This is where Refine truly shines as a tool.

Duplicating a column

The very first step you should do in every cleaning operation is to duplicate the data that you intend on cleaning. So let's say we want to clean up the contbr_employer column with all of its Hy-Vee variations. We want to keep the original data so that we have a reference to what it was compared to the cleaned up version.

In Refine, we can duplicate a column by clicking the dropdown and selecting Edit column > Add column based on this column…

This will bring up a pop-up window. We can do lots of fun things here with a little programming knowledge, but for now, let's just type in a New column name, such as cleaned_up_contbr_employer, and hit OK:

img

Refine will let us know how many rows for which it duplicated the values (except for the blanks, in which case, it didn't have to do anything) and we will see a new column next to the original column:

img

Simple clustering

First, do a Text facet of the cleaned_up_contbr_employer column.
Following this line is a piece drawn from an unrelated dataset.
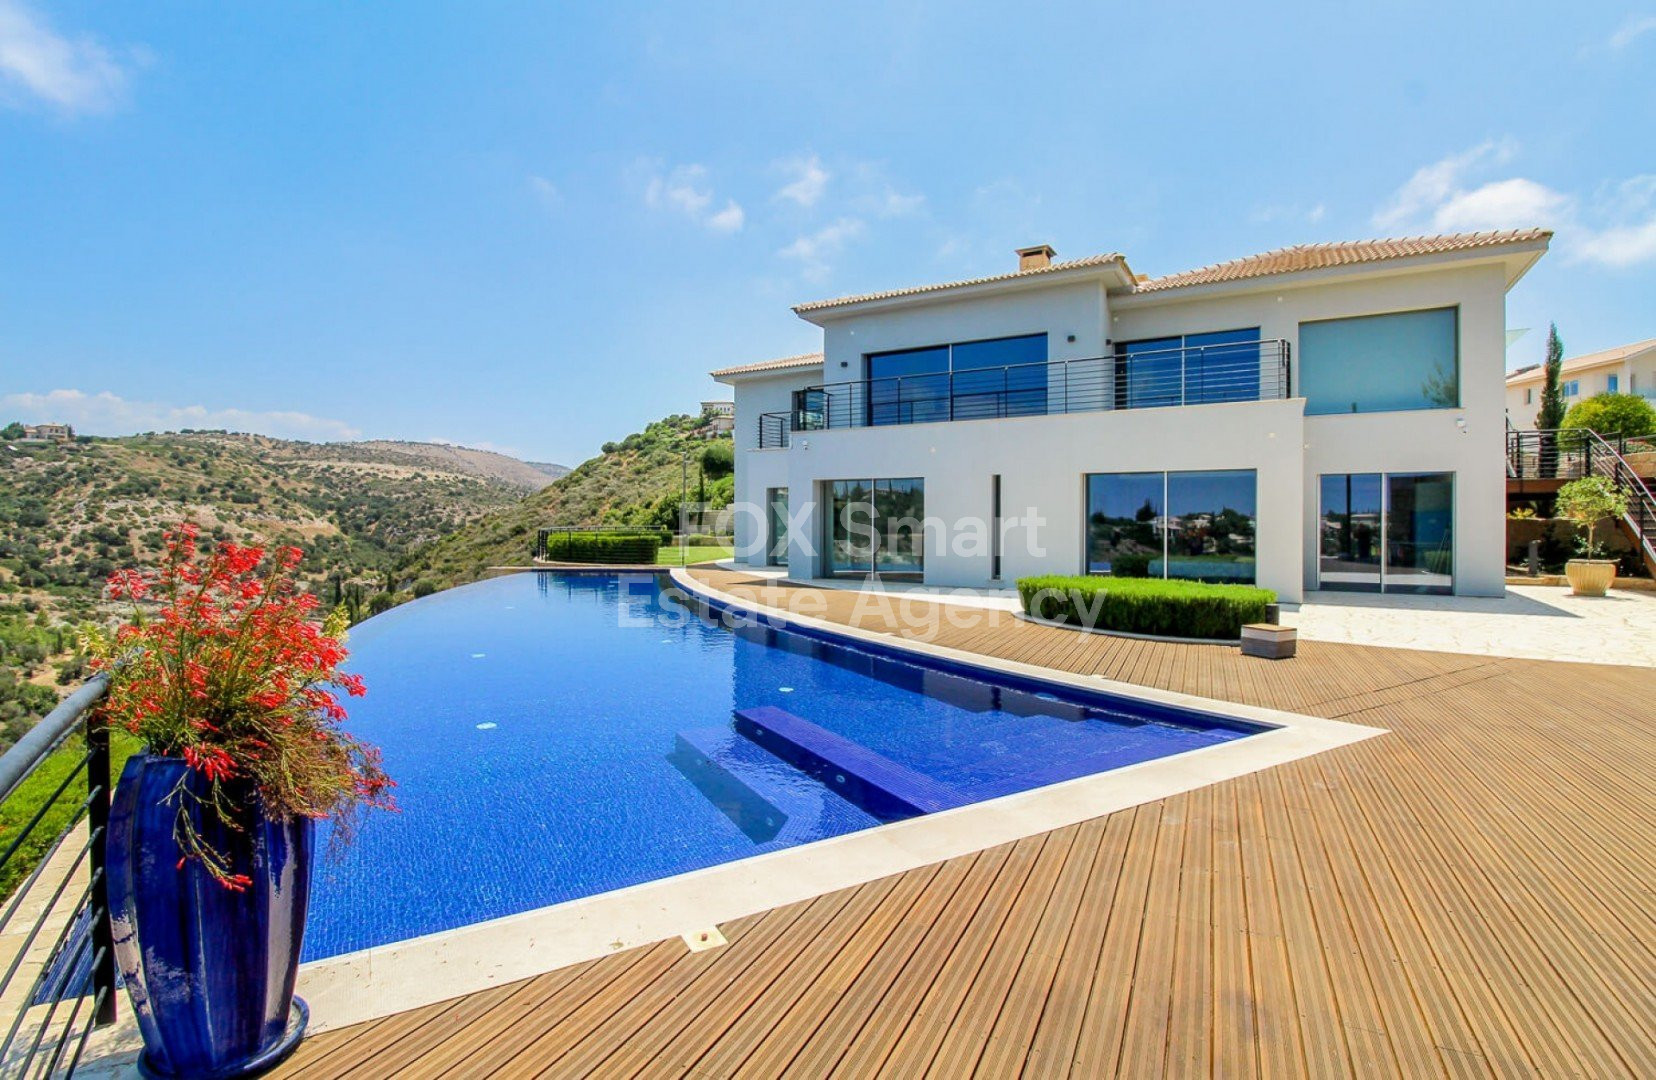 House, For Sale, Paphos  4 Bedrooms 4 Bathrooms 3130.00 SqMt.....
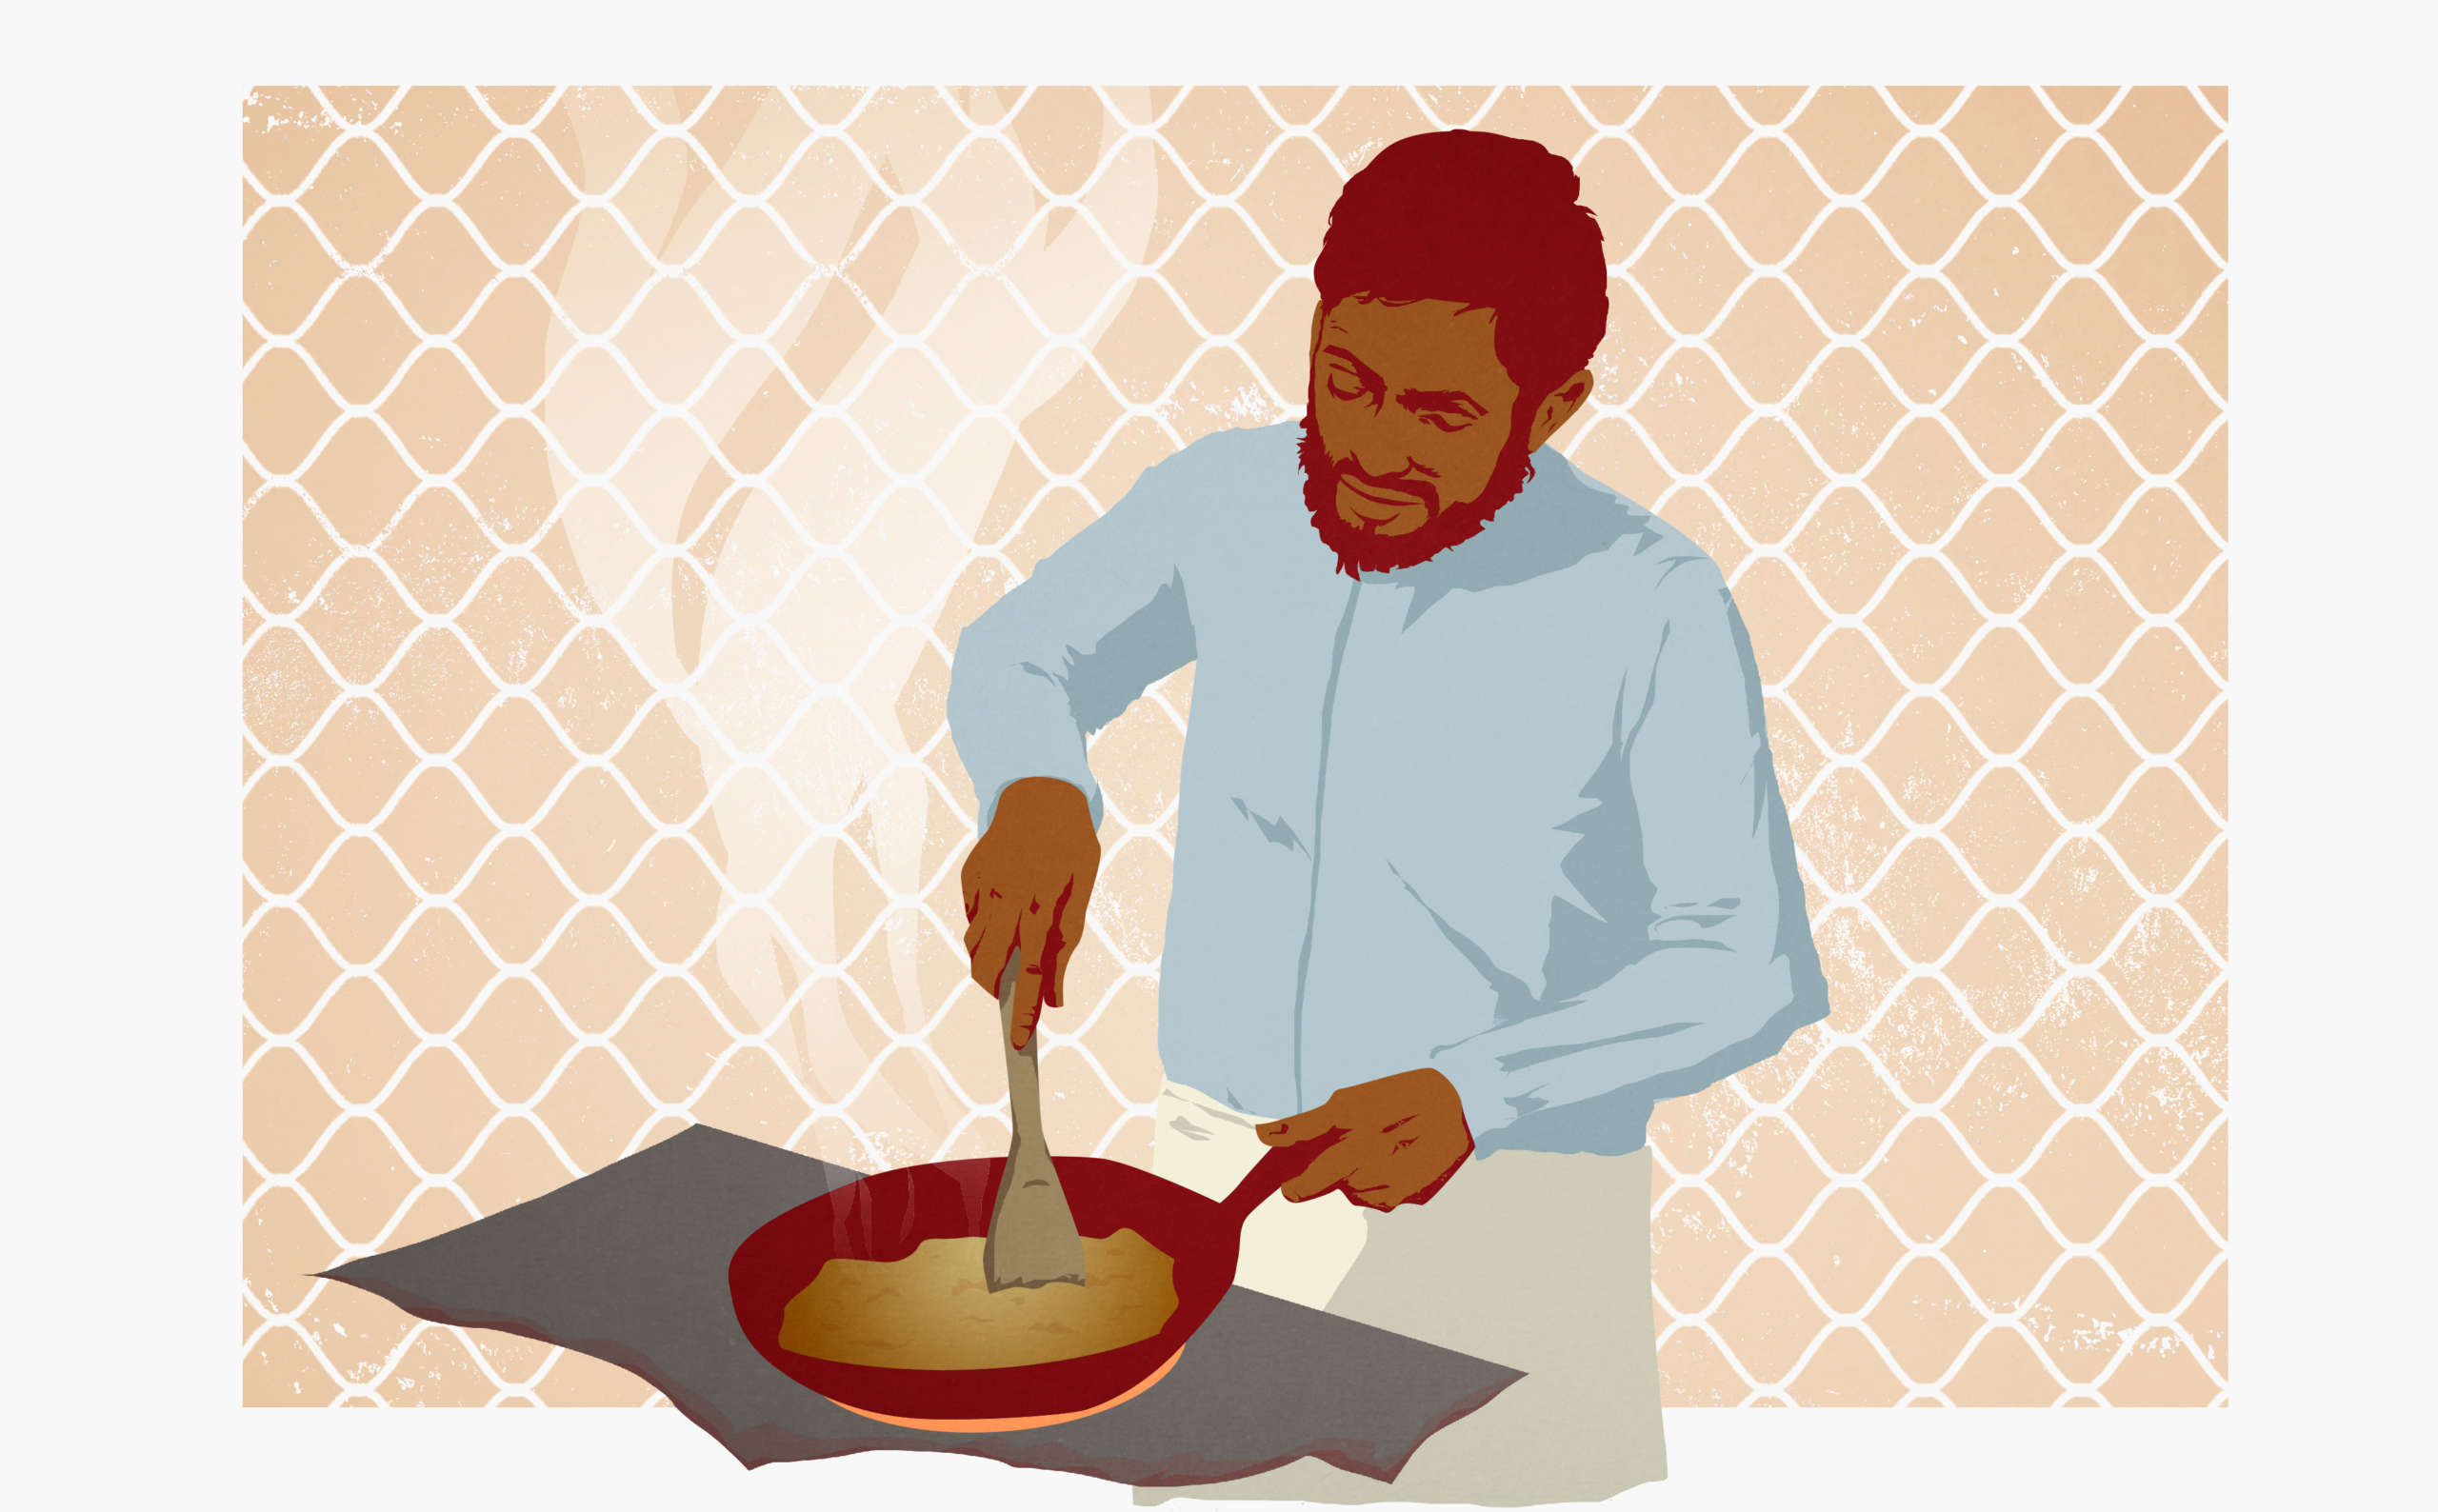 File:Contract worker prepares a big pot of food at Guantanamo.jpg

Troubleshooting too many facets

Note: If you get an error about there being too many facets, in your browser address bar, visit this address:

 http://127.0.0.1:3333/preferences

Then, add a new property with this name:

ui.browsing.listFacet.limit

And give it a value of 10000:

img


If the clustering works as intended, in the Iowa data, you should see 2999 different employers.

Now click the Cluster button to bring up a new pop-up:

img

The screen will seem a little overwhelming, but what Refine is doing here is showing how all the terms will be clustered together given the currently selected clustering algorithms.

By default, the first clustering algorithm is the strictest: the key collision method named fingerprint. And according to Refine, there are 99 clusters found:

img

What exactly is a cluster? Take a look at the first one, which should be ACT, INC:

  • ACT, INC. (20 rows)
  • ACT INC. (14 rows)
  • ACT, INC (11 rows)
  • ACT INC (2 rows)

Refine is telling us that all of these terms are pretty much the same, minus punctuation and spelling variations. The "(20 rows)" refers to how many rows have that facet.

There are two options we have per cluster:

  • Do we want to merge the cluster?
  • And if we do merge the cluster, what should be the value used for all variations of this cluster?

img

Obviously, if we don't want to merge the cluster, we leave the Merge? option unchecked. However, if we check that box, the default value used will be ACT, INC.…it's the default because more rows in this cluster have ACT, INC. (20), versus all other variations, such as ACT INC, which as 2 rows.

Go ahead and click the Merge checkbox. Then at the bottom of the popup, click the Merge Selected & Close button.

Then, take a look at the Facet/Filter panel. Instead of 2,999 choices for the cleaned_up_contbr_employer, we have 2,996. In other words, the 4 variations of ACT, INC. were collapsed into a single canonical term.

So in a nutshell, this is how we clean data in Refine: remove as many variations as possible.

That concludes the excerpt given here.